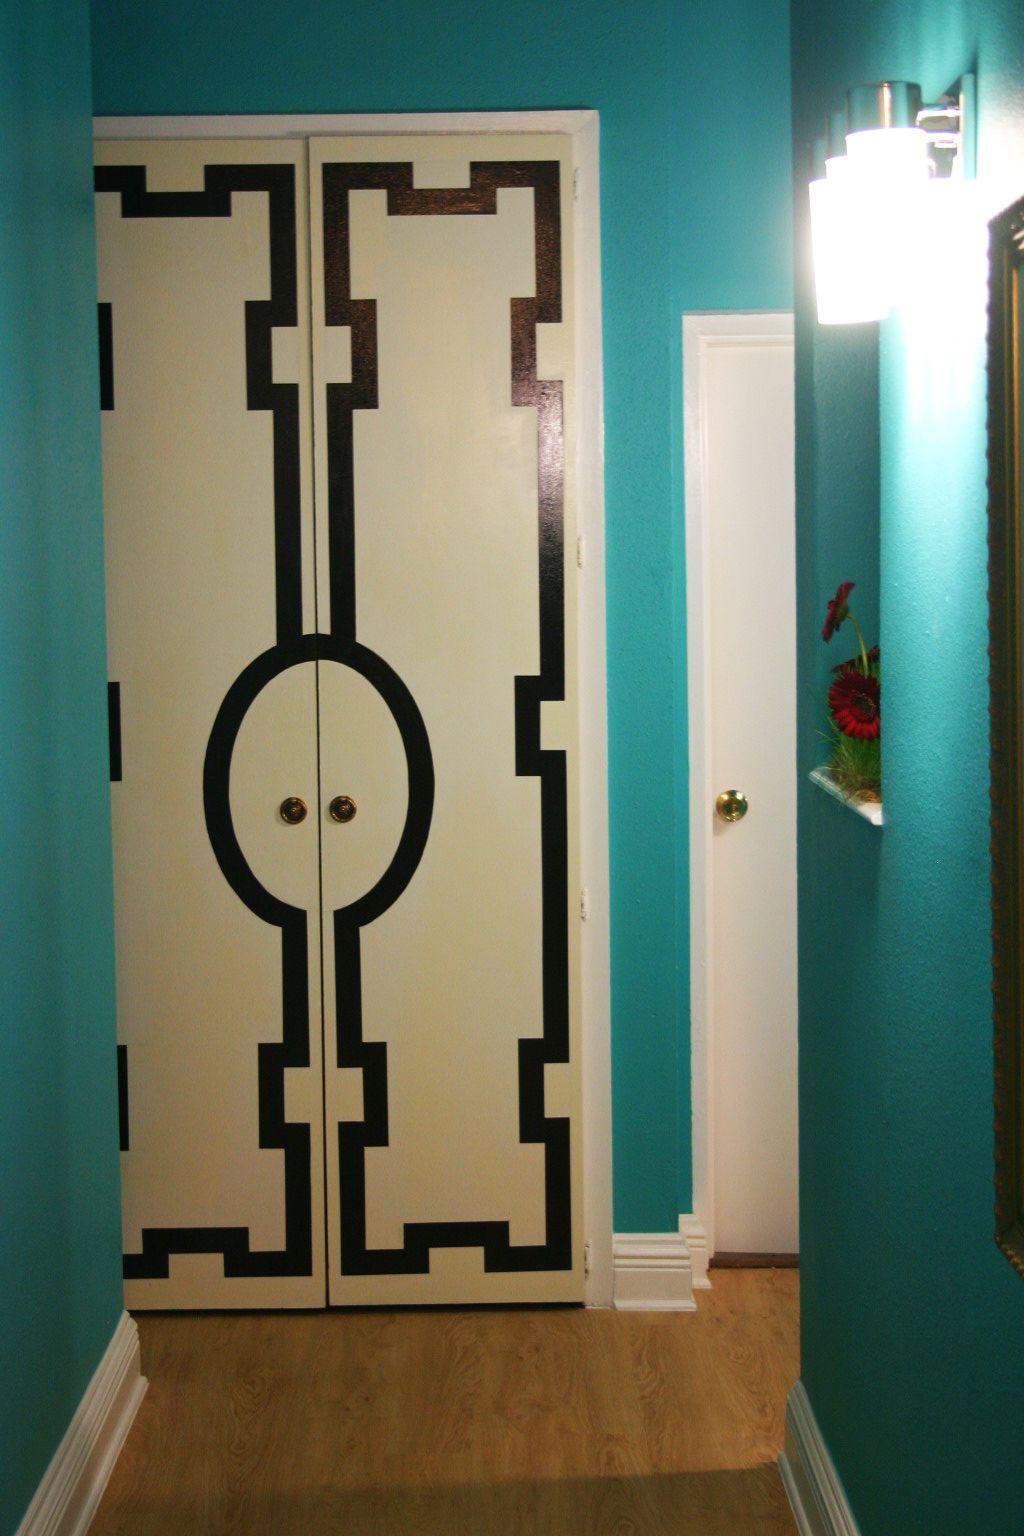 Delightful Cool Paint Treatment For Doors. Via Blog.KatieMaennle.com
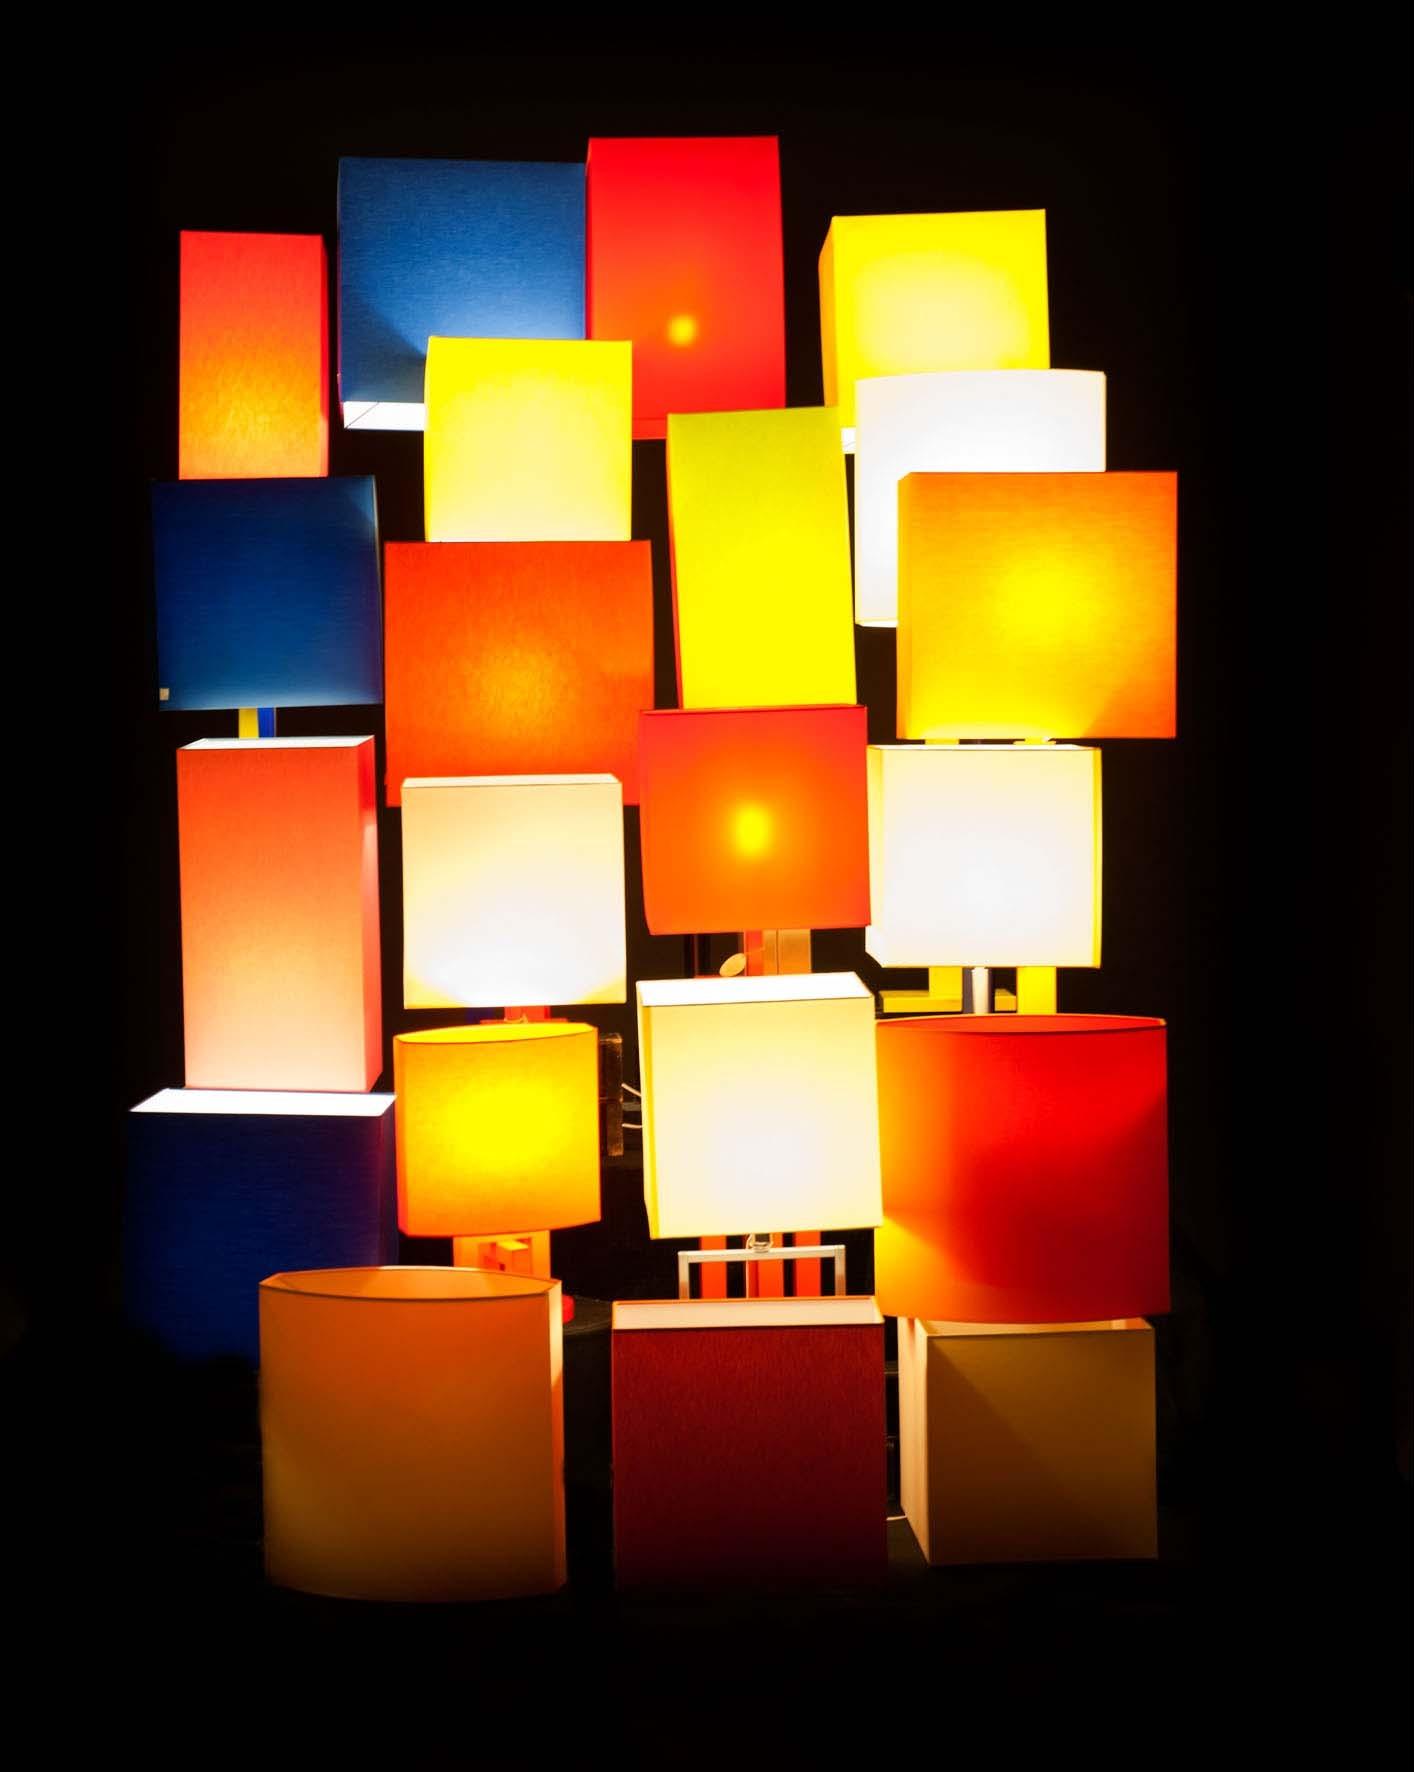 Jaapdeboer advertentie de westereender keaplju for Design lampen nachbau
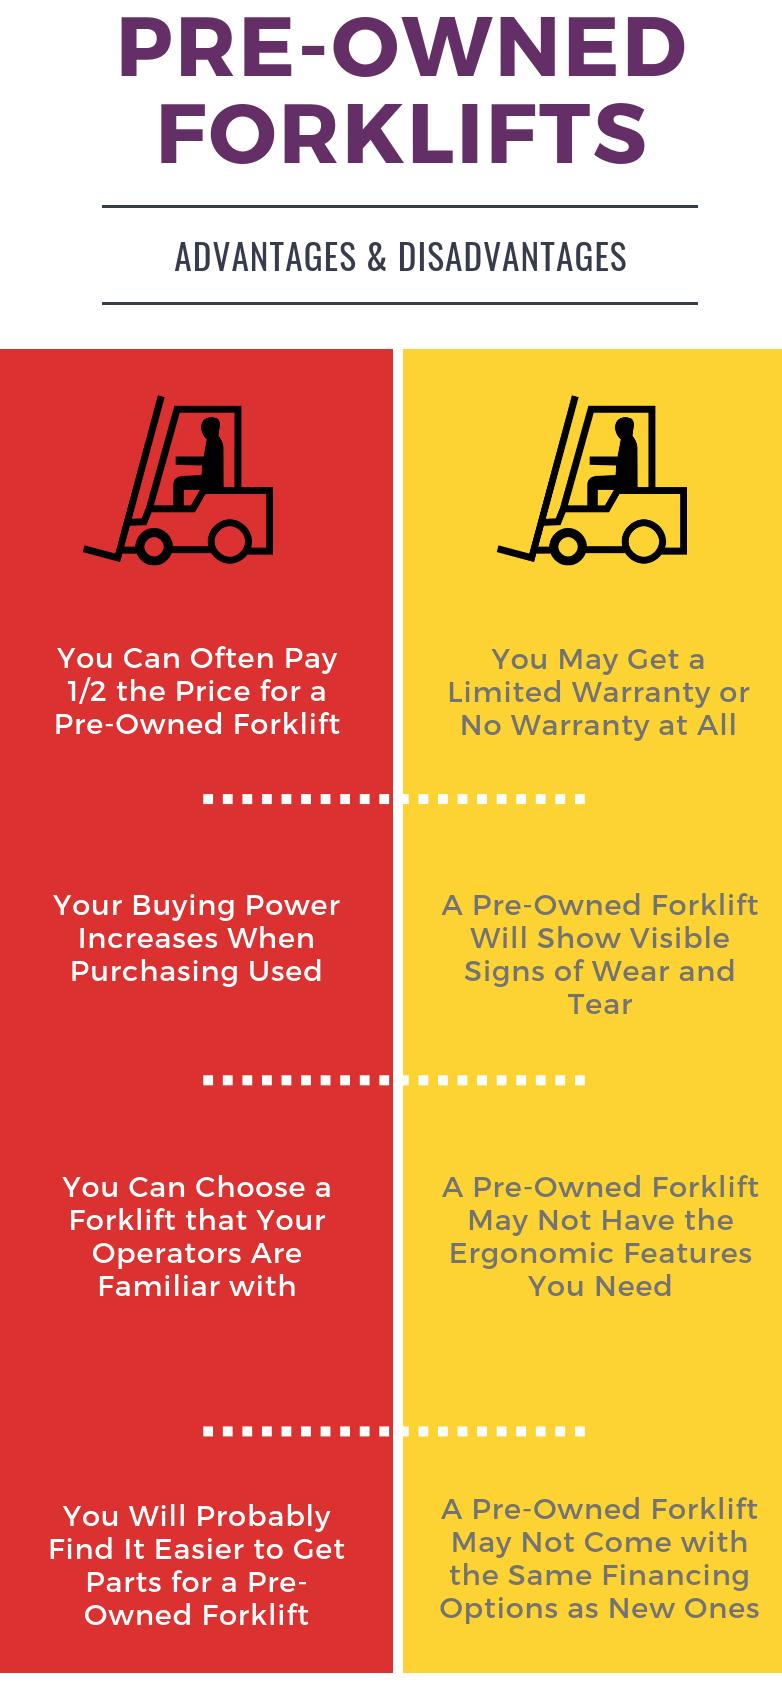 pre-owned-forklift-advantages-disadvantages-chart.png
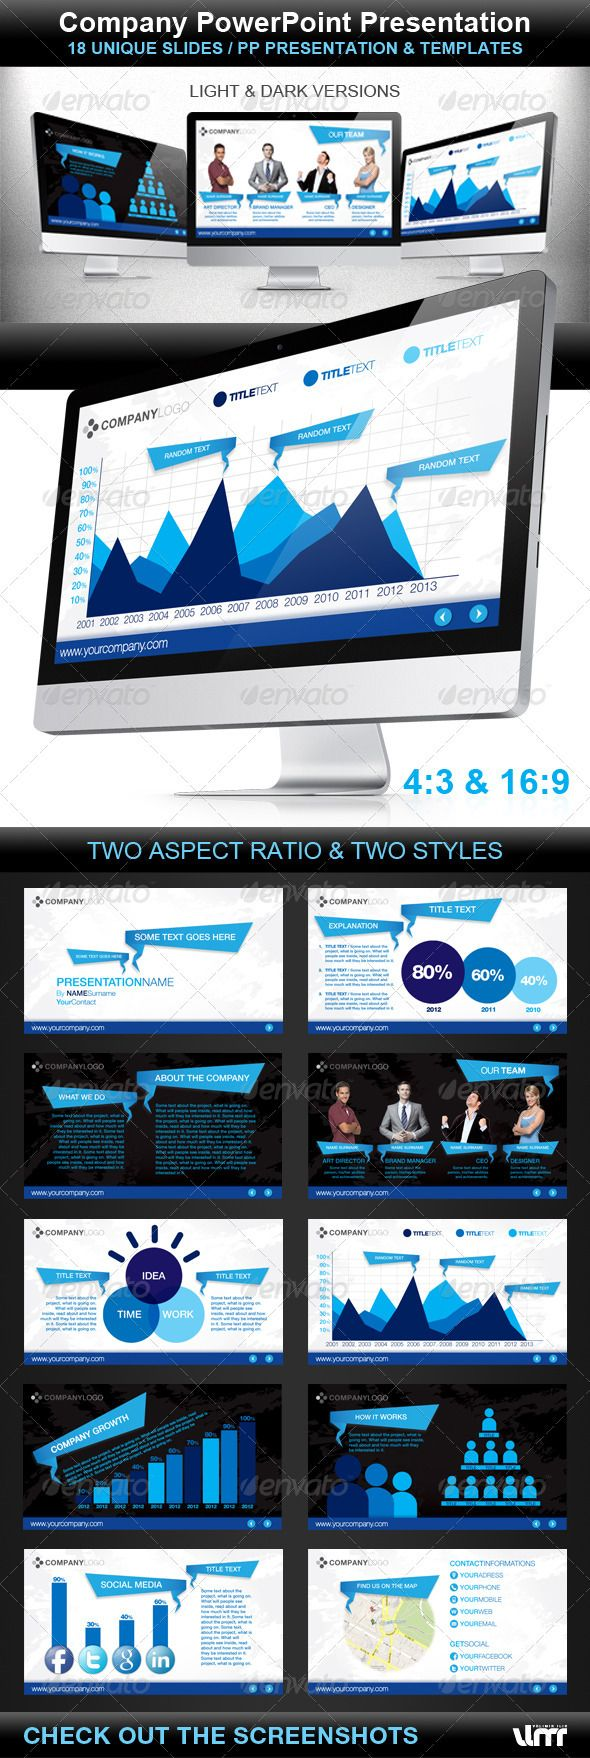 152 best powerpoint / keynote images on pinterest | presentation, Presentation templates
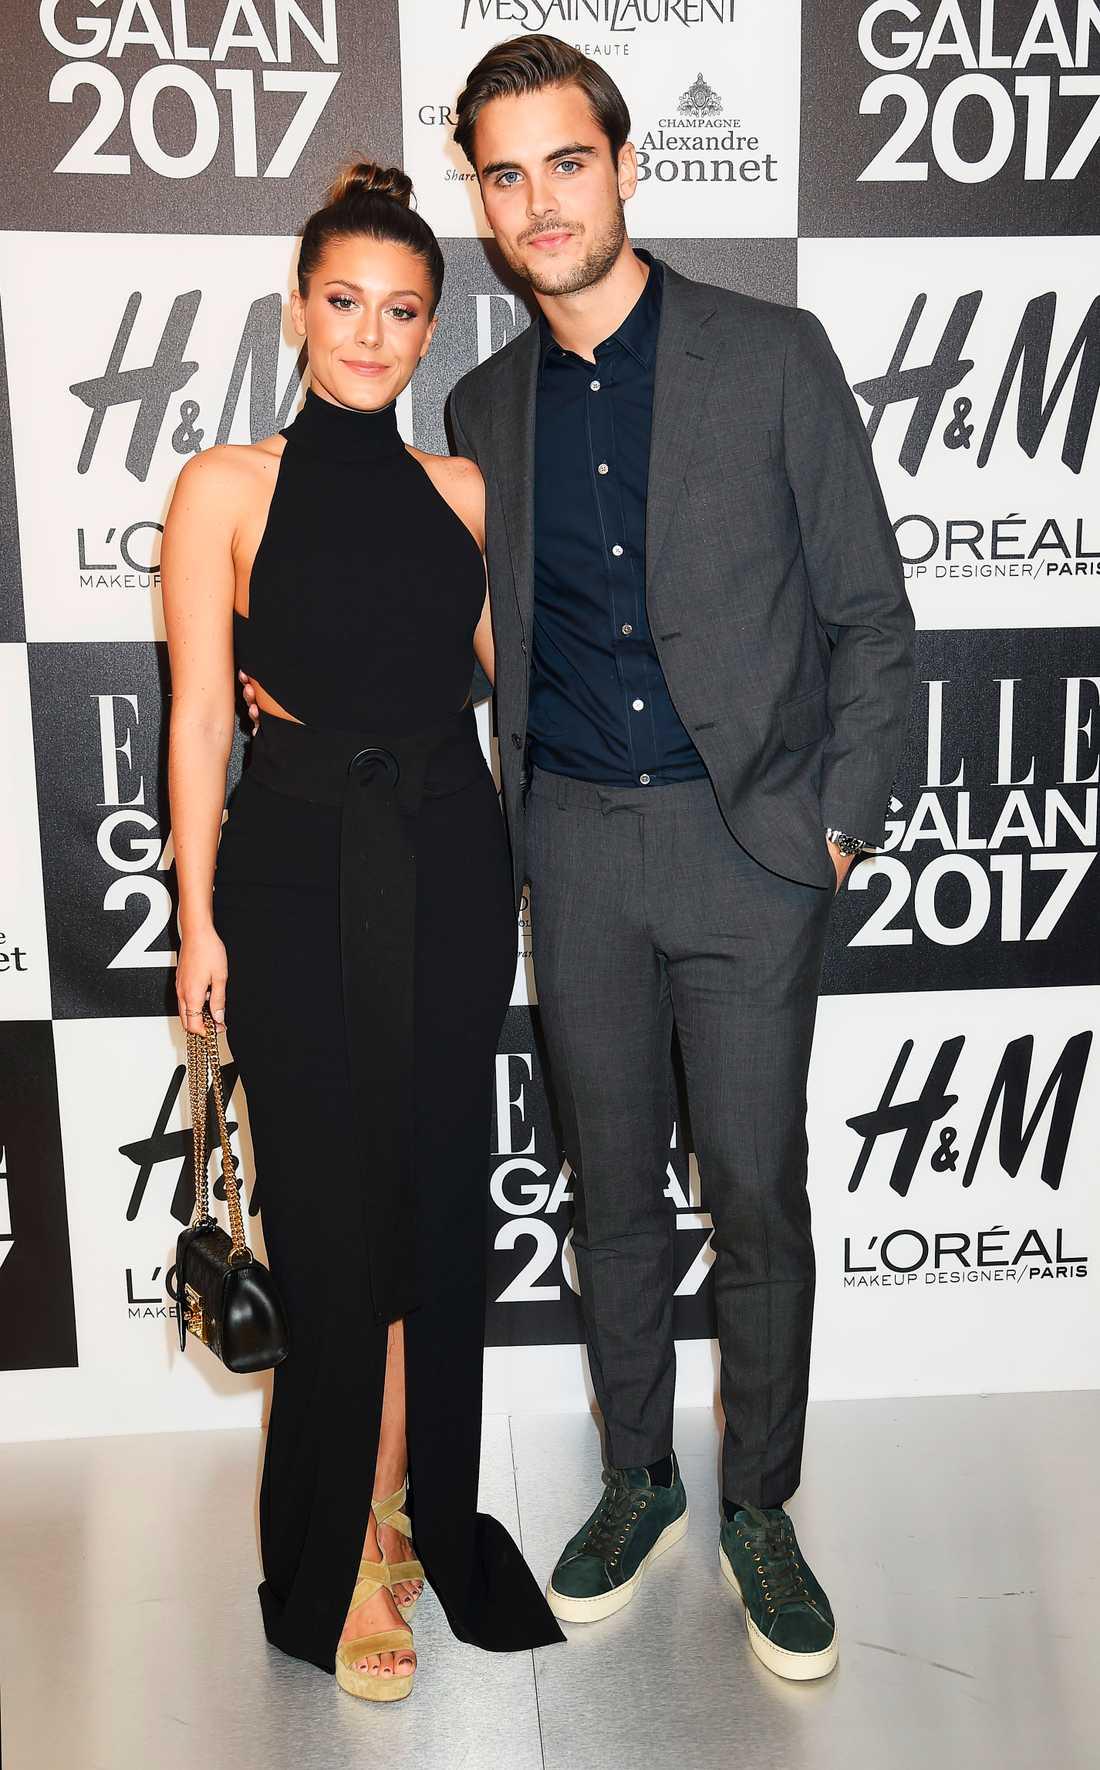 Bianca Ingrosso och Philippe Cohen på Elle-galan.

* Work required *
Write out every entry exactly. Pictures do not belong in the copy.

* Final answer *
 Delightful Cool Paint Treatment For Doors. Via Blog.KatieMaennle.com
 Jaapdeboer advertentie de westereender keaplju for Design lampen nachbau
 pre-owned-forklift-advantages-disadvantages-chart.png
 152 best powerpoint / keynote images on pinterest | presentation, Presentation templates
 Bianca Ingrosso och Philippe Cohen på Elle-galan.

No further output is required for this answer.